Abstract
A transition in the approach to anemia management in nephrology occurred when randomized trials demonstrated that higher hemoglobin targets do not result in better outcomes and may arguably cause harm. Contradicting the speculative conclusions drawn based on earlier observational data, this has resulted in hypotheses regarding the cause of these seemingly disparate but substantively similar messages. The renal community now must struggle with how to incentivize quality care and maximize patient quality of life while minimizing the real safety signal of which we are now aware.
Introduction
The management of anemia in chronic kidney disease (CKD) has got considerably more complicated. Prior to the publication of the CHOIR and CREATE trials in 2006 [1,2], the observational data demonstrating that higher hemoglobin measurements are associated with better outcomes drove much of clinical practice. However, since then the results of three clinical trials (CHOIR, CREATE, and TREAT) [1,2,3] have reminded us how observational data cannot prove cause and effect and have brought together the nexus of observational data, clinical trials, clinical practice guidelines, and provider performance metrics.
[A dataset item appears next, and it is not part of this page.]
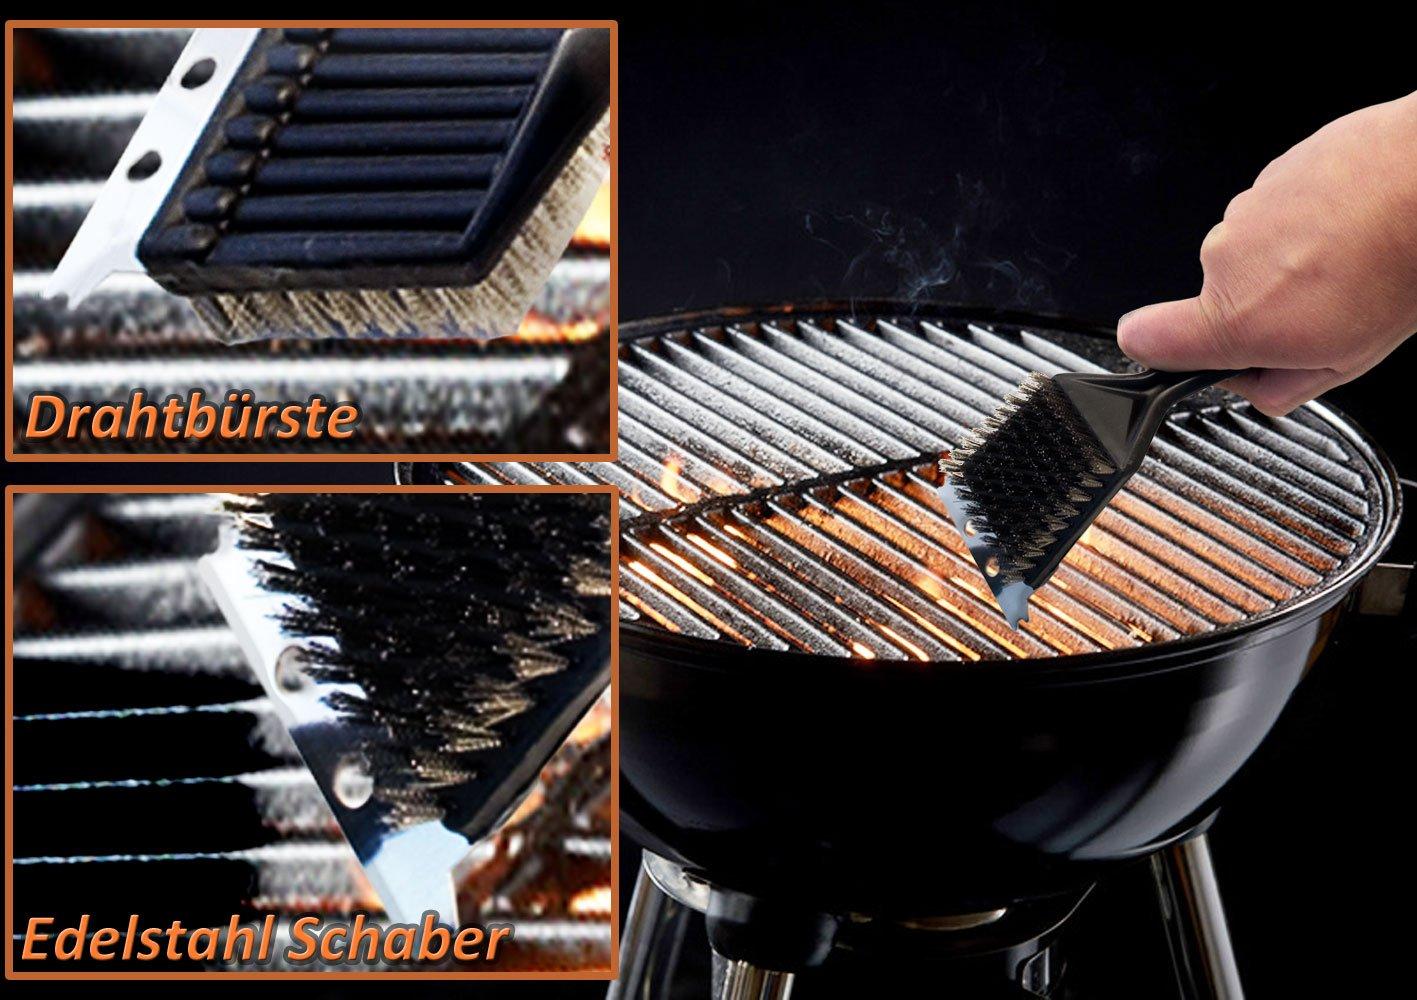 Grillbürste Xxl Grill Reinigungsbürste Mit Metallschaber Grillzubehör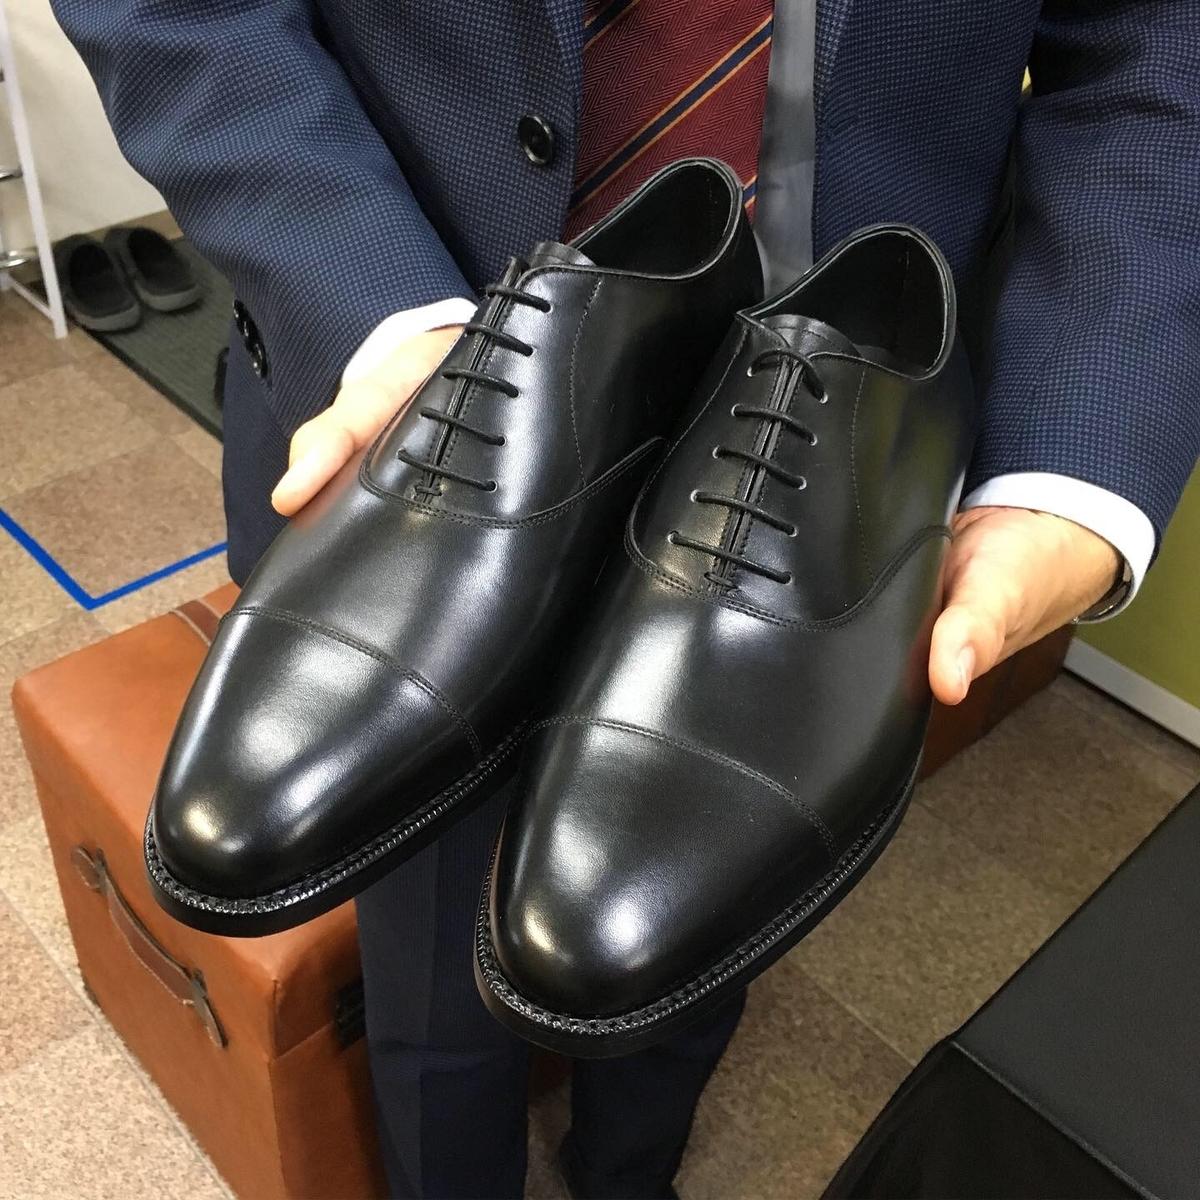 f:id:raymar-shoes:20190716221719j:plain

The observational data are quite consistent. Regardless of the population, higher hemoglobin levels are associated with better outcomes. This relationship has been demonstrated in the elderly, patients with congestive heart failure, population-based samples, patients on dialysis, and patients with CKD. Among a population-based sample of patients with congestive heart failure, 22.9% were found to have a hematocrit between 36 and 40%, 33.2% had a hematocrit between 30 and 35%, and 13.6% had a hematocrit of <30% [4]. Thirty-eight percent of this population had CKD defined as a serum creatinine of >1.4 and >1.5 mg/dl for women and men, respectively, and the increased risk of mortality associated with anemia was additive and independent of the presence of kidney disease. As compared to patients with a hematocrit of greater than 40%, the relative risk of death was 1.08, 1.17, and 1.60 (p = 0.007, test for trend) for individuals with hematocrits of 36–39, 30–35 and <30%, respectively. In a similar study of patients after acute myocardial infarction, 60% of patients were noted to have CKD [5], and 54% had a hematocrit of <40%. Again, independent of CKD, odds ratios for mortality were 1.35, 1.94, and 3.16 (p = 0.007, test for trend) for individuals with hematocrits of 36–39, 30–35 and <30%, respectively. The consistency of the message across populations, albeit not demonstrating cause and effect, provided sufficient equipoise to justify randomized trials to examine the reasonable question, ‘if higher hemoglobin between individuals was associated with different outcomes, could increasing hemoglobin (i.e. treating anemia) lower a single individual’s risk?’.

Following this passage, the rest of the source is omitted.